Here is part of what economist Paul Krugman has to say about the BBB bashing:
I guess reporting conventions require that journalists pretend to believe that Republicans have good-faith objections to the Biden plan — that they’re worried about deficits, or the effect on incentives, or something. But we all know that their main objection is simply the fact that it’s a Democratic initiative, which means that it must fail.
Also, it would tax the rich and help the poor.
Actually, can anyone even remember the last time leading figures in the G.O.P. seriously engaged with real policy concerns? The most recent important example I can think of is the enactment of the Children’s Health Insurance Program in 1997. It has been bad faith ever since.

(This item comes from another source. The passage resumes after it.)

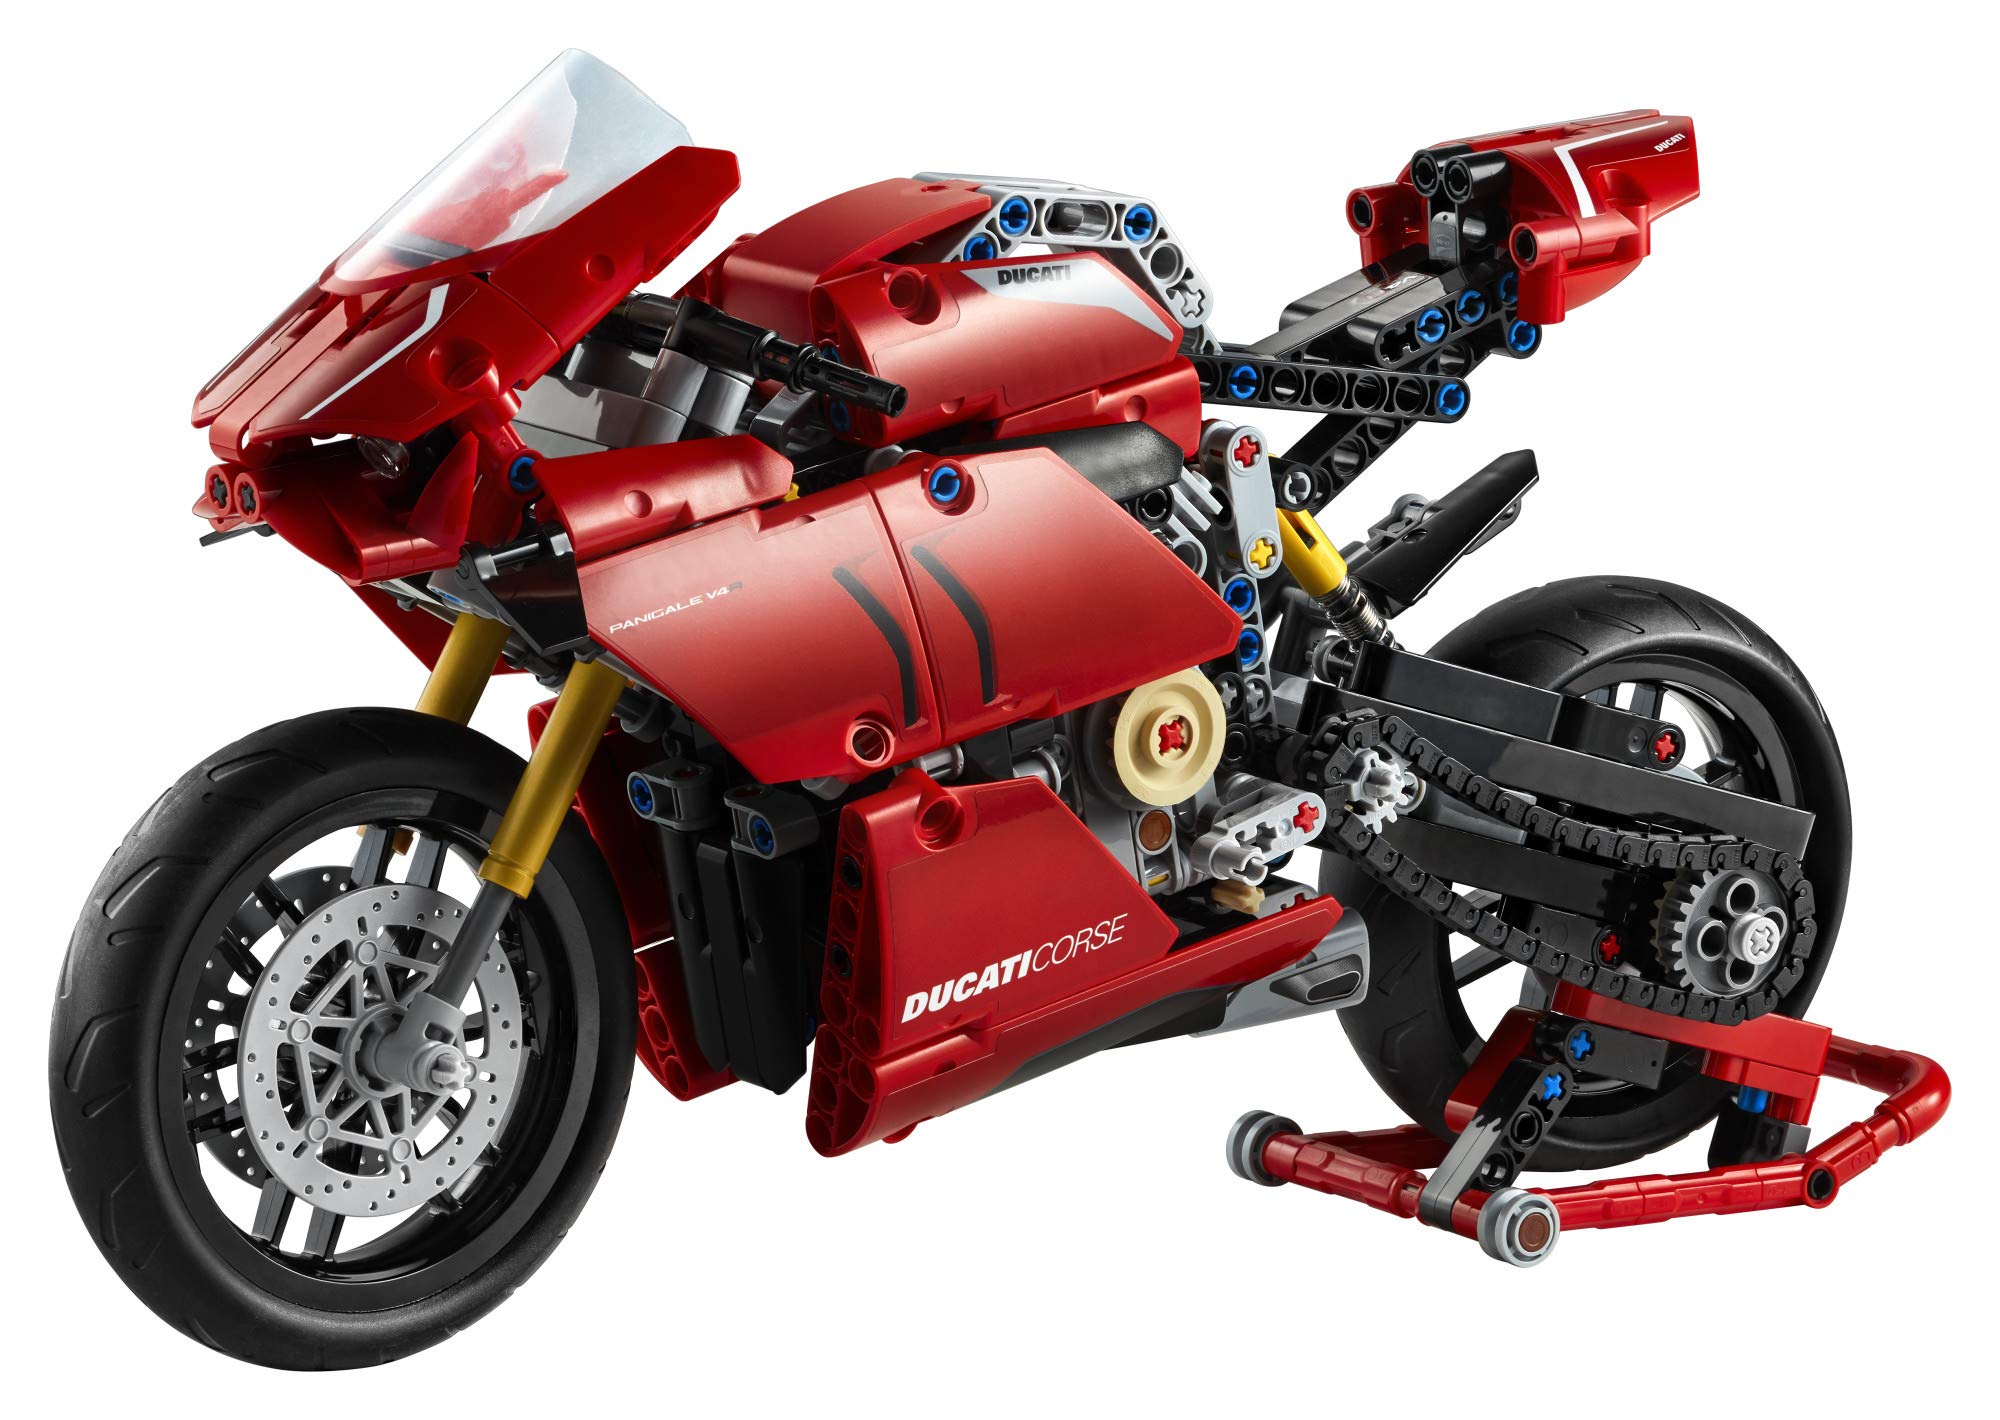 LEGO Technic Ducati Panigale V4 R Motorcycle 42107 Building Set - Collectible Superbike Display Model Kit with Gearbox and Working Suspension, Fun for Adults, and Motorcycle Enthusiasts
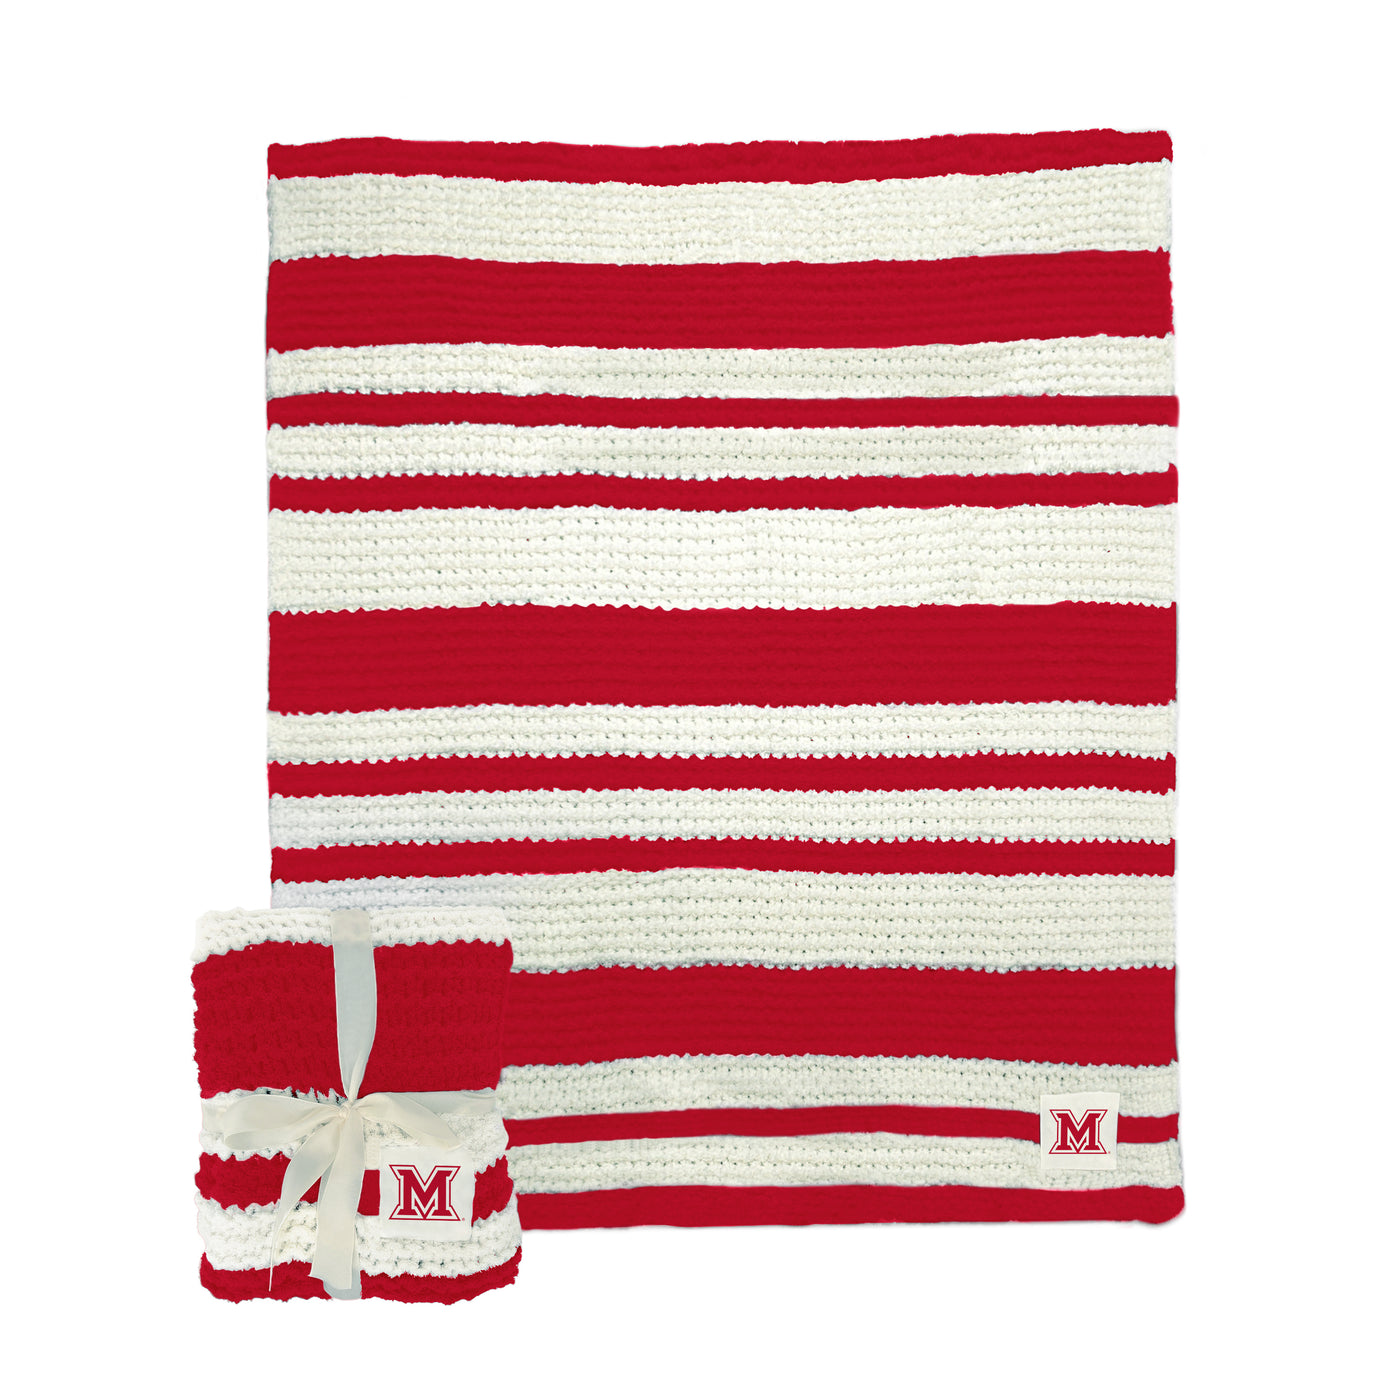 Miami Ohio Red Cable Knit Throw 50x60

While the most important source of opposition to Build Back Better is simply the desire to see Biden fail while keeping the rich as rich as possible, there may be some sincere concern that the bill would increase budget deficits. Actually, it wouldn’t have a significant deficit impact — the Congressional Budget Office says that the spending is almost completely paid for, and attempts to claim otherwise aren’t credible. But even if the deficit did rise, why would that be such a bad thing?. . .
Again, most of the proposed spending would consist of highly productive investments.
Finally, there’s a lot of talk about how Build Back Better might worsen inflation — talk that mainly seems to involve failure to do the math, for example, by confusing decades with single years and failing to divide by gross domestic product.
It’s true that the bill’s $1.75 trillion price tag is, on the surface, a lot of money. But that’s spending over 10 years, which means that annual outlays would be far smaller than the $1.9 trillion rescue plan passed this year or, for that matter, the $768 billion annual defense bill the House passed last week.
Also, much of the spending would be paid for with new taxes. Furthermore, you should never cite a big-sounding budget number without putting it in context. Remember, the U.S. economy is enormous. The budget office estimates that in its first year Build Back Better would expand the deficit by 0.6 percent of gross domestic product, a number that would shrink over time.
I’m not aware of any economic model suggesting that spending on that scale would make much of a difference to inflation. And because much of the spending would expand the economy’s productive capacity, it would probably reduce inflation over time.
Is Build Back Better perfect? Of course not. But it’s the best legislation we’re likely to get for years to come. And claims that we should let this opportunity pass out of concern over fiscal responsibility or inflation are uninformed at best, dishonest at worst.